# my new project



## bettaforu (Sep 6, 2009)

I am starting a new shrimp project. Here are some pics of the new arrivals
they will get brighter once they settle in.

These are Tigers that breed true blue  they don't have stripes that are visable, because they are blue instead of black....still a Tiger though and all with orange eyes. Developed in Germany.


















They won't be for sale for a while.


----------



## bettaforu (Sep 6, 2009)

So I am going to breed these by themselves first, then eventually I am going to cross them on my blue panda Taiwans to see what comes out of that pot! 

Should get something fancy and hopefully in blue.

I LOVE blue shrimps so when I had the chance to get these I could not resist
a friend offered them to me and I picked them up last weekend in the US.

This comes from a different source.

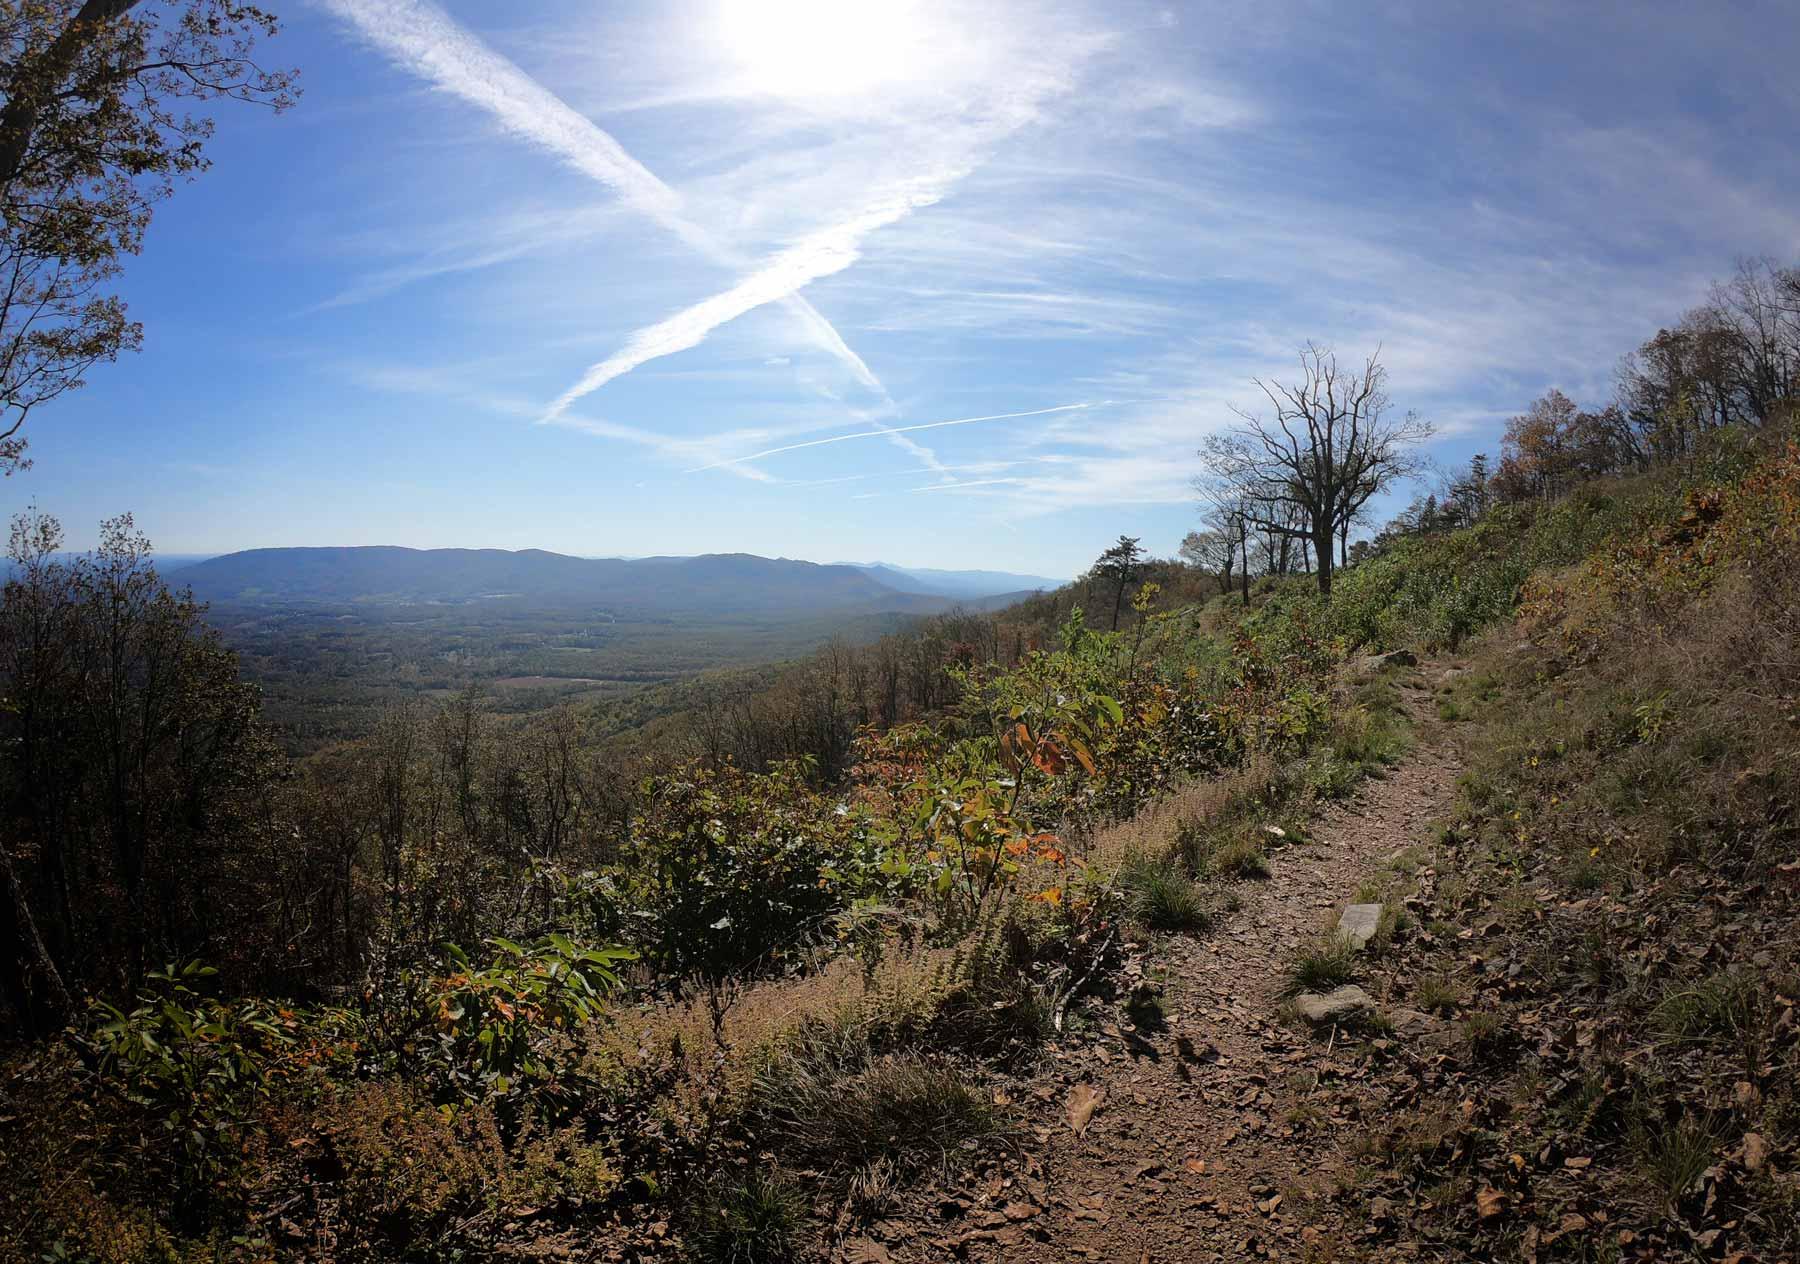 Appalachian Trail from Harveys Knob Overlook to Montvale Overlook on Blue Ridge Parkway, Virginia
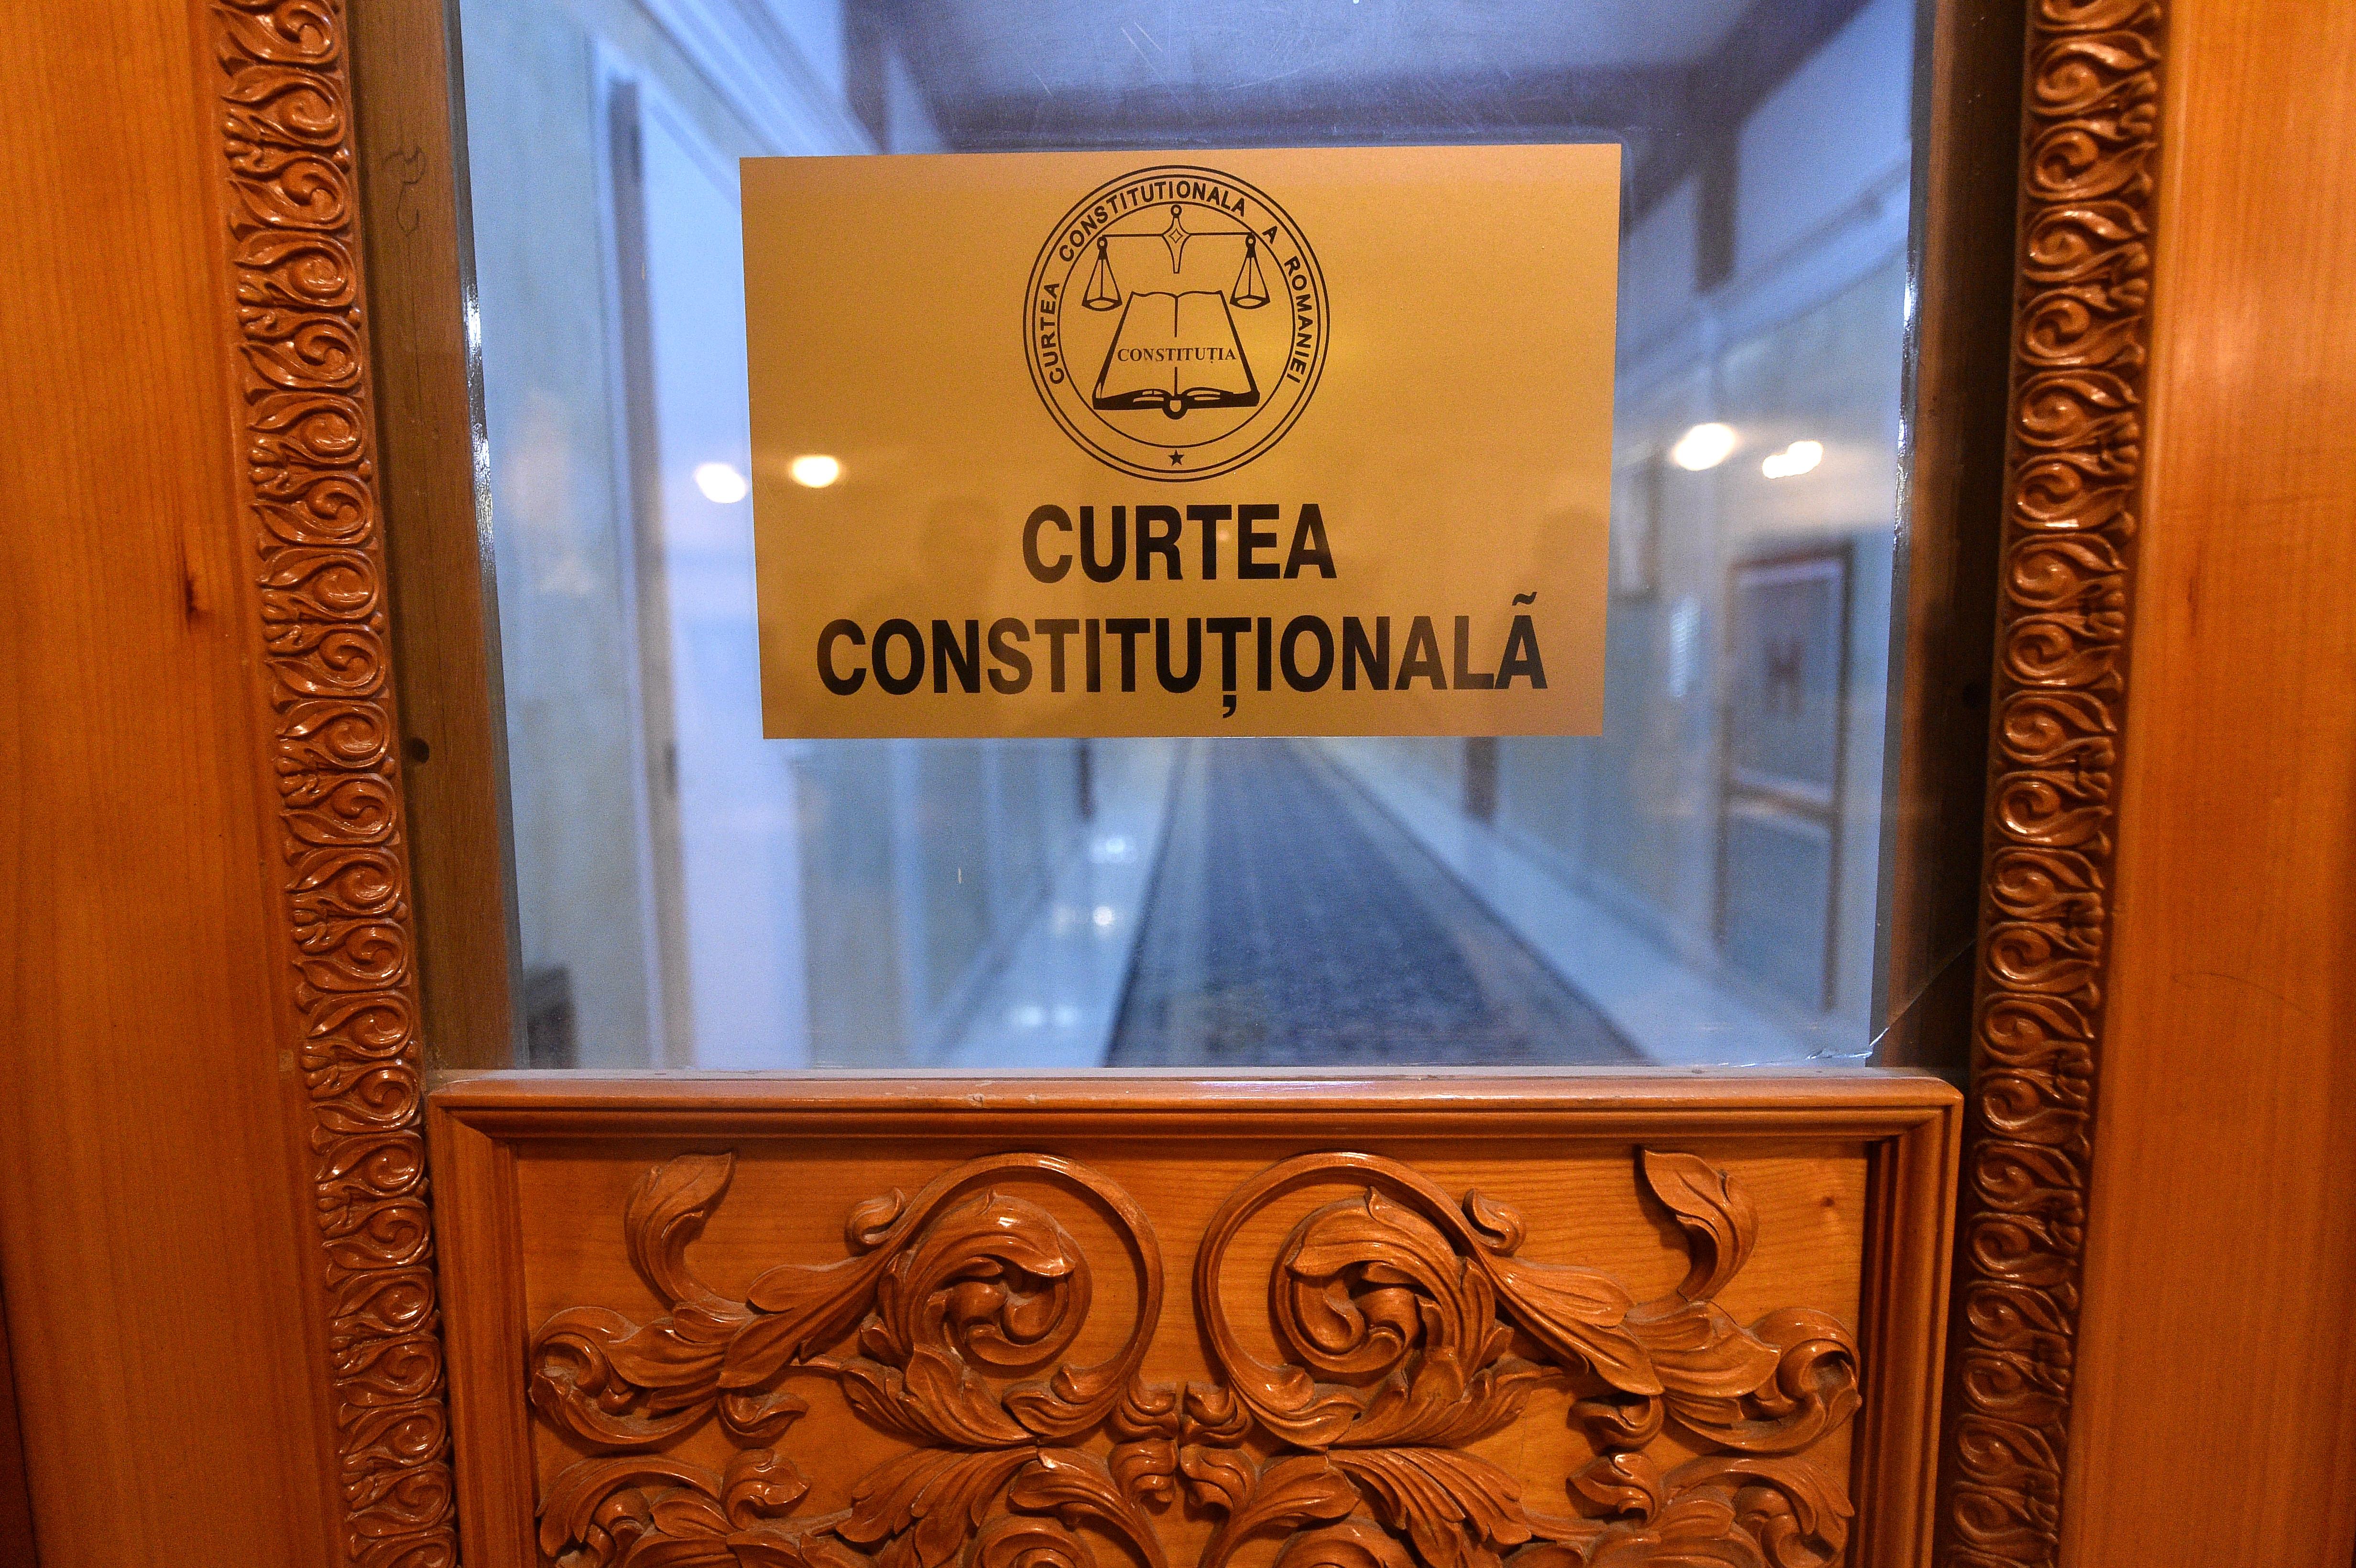 Curtea Constituțională analizează marți legalitatea investirii Guvernului Cîțu, la sesizarea AUR

I have both adults and juvies so hoping the females get berried fast.


----------



## randy (Jan 29, 2012)

Very nice. I'd be so happy if we have supply of locally bred Royal Blue.


----------



## jumpsmasher (Oct 1, 2012)

*Royal Blue Tigers*

Very nice Anna. Royal Blue Tigers are one of my favourite shrimps as well. Just love the semi-transparent blue hue they give off when they are in the light. It is a shame they are not as wide spread as they really are quite the gem of the tiger family!


----------



## Fishfur (Mar 4, 2012)

Pardon me while I clean up the drool .


----------



## bettaforu (Sep 6, 2009)

Yeah they really truly sparkle with blue color. I have OEBTs too, but they don't look anywhere near these ones. I hope to get a colony going soon so I can breed enough to share.


----------